What is needed: Word for word, write the lines below out again, with no pictures.

Dataset excerpt:
==========

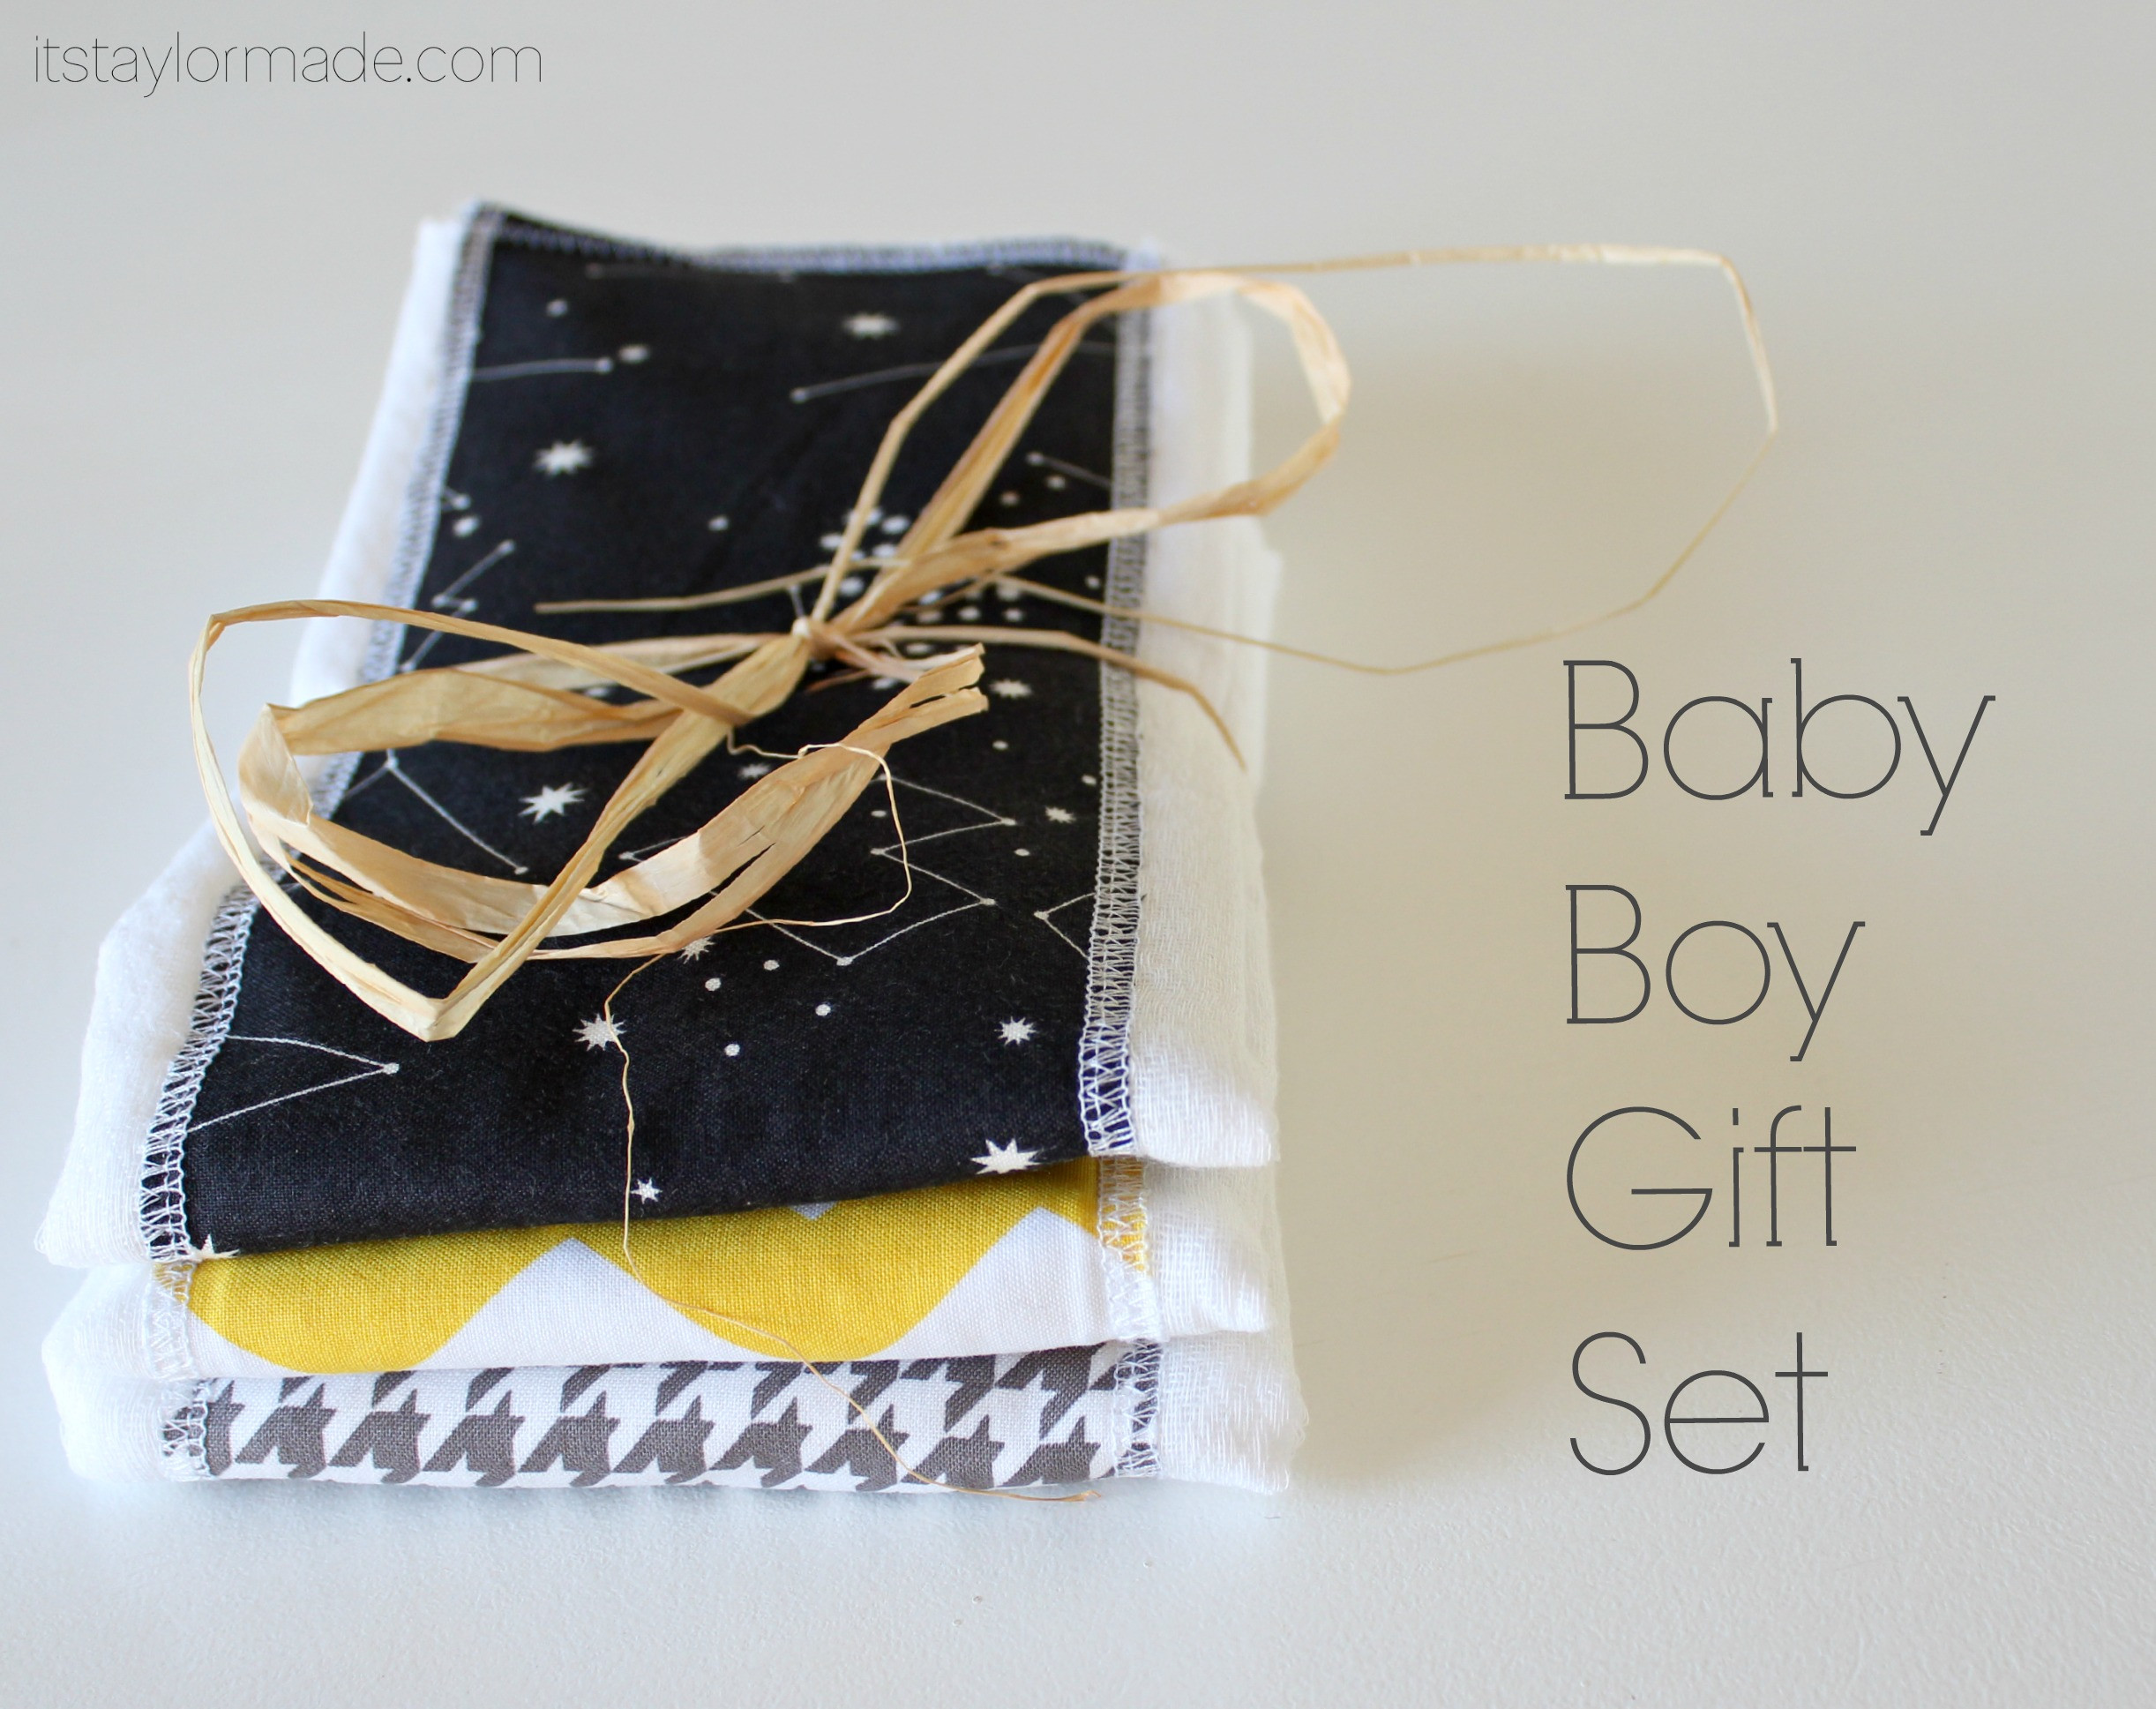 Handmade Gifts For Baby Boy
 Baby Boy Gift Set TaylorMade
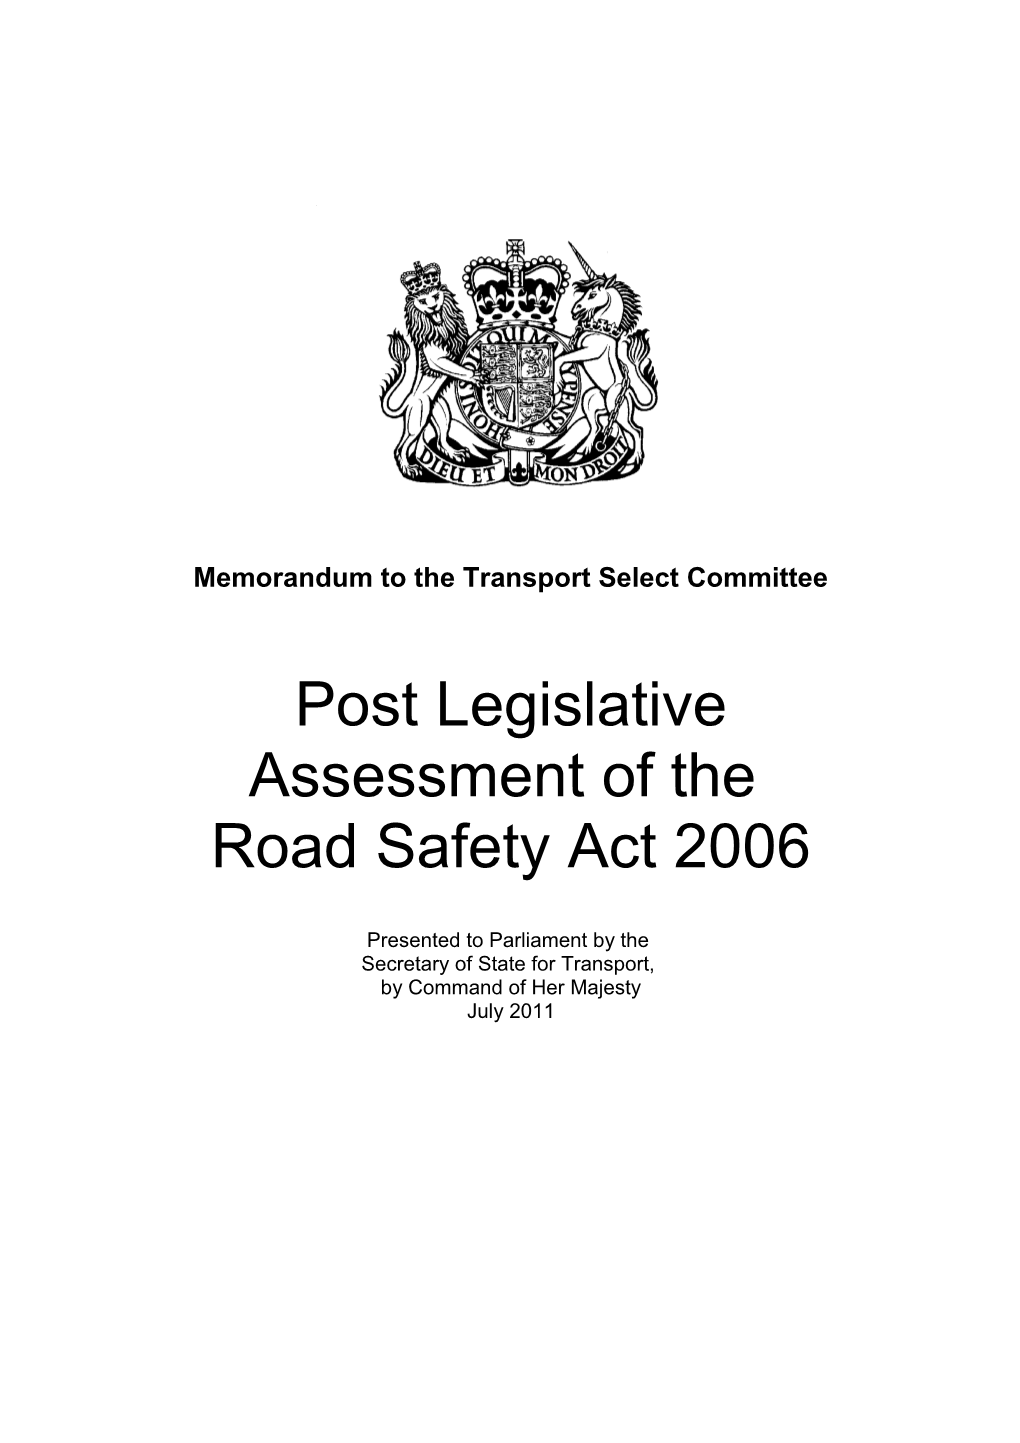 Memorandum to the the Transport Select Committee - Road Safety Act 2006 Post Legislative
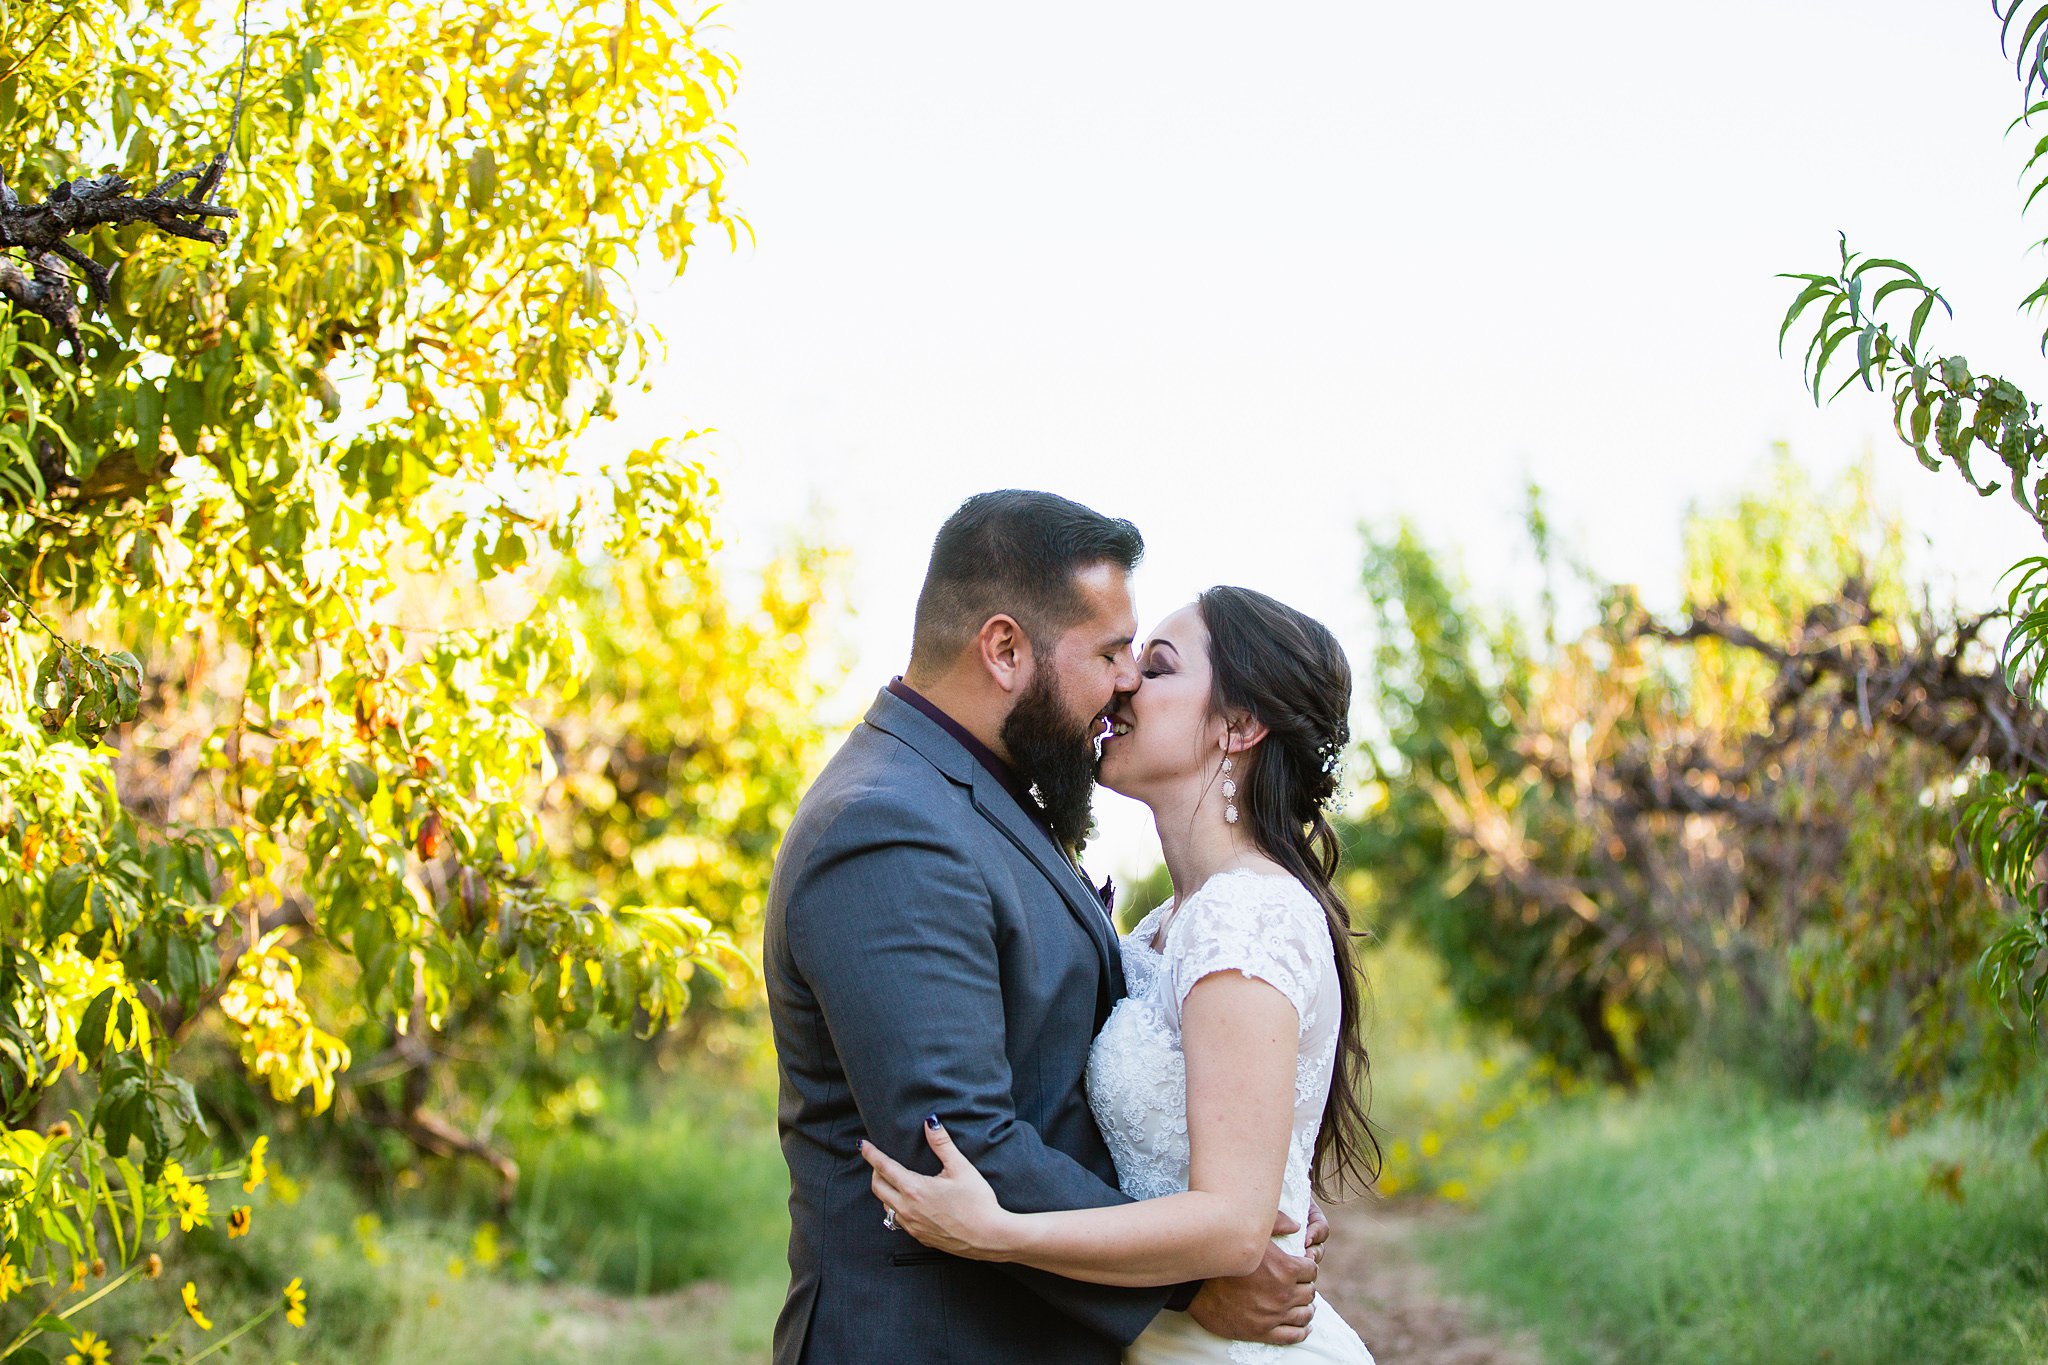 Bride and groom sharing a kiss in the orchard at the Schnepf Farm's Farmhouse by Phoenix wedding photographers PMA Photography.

==========

Response to this task:
 Handmade Gifts For Baby Boy
 Baby Boy Gift Set TaylorMade
 Memorandum to the the Transport Select Committee - Road Safety Act 2006 Post Legislative
 Bride and groom sharing a kiss in the orchard at the Schnepf Farm's Farmhouse by Phoenix wedding photographers PMA Photography.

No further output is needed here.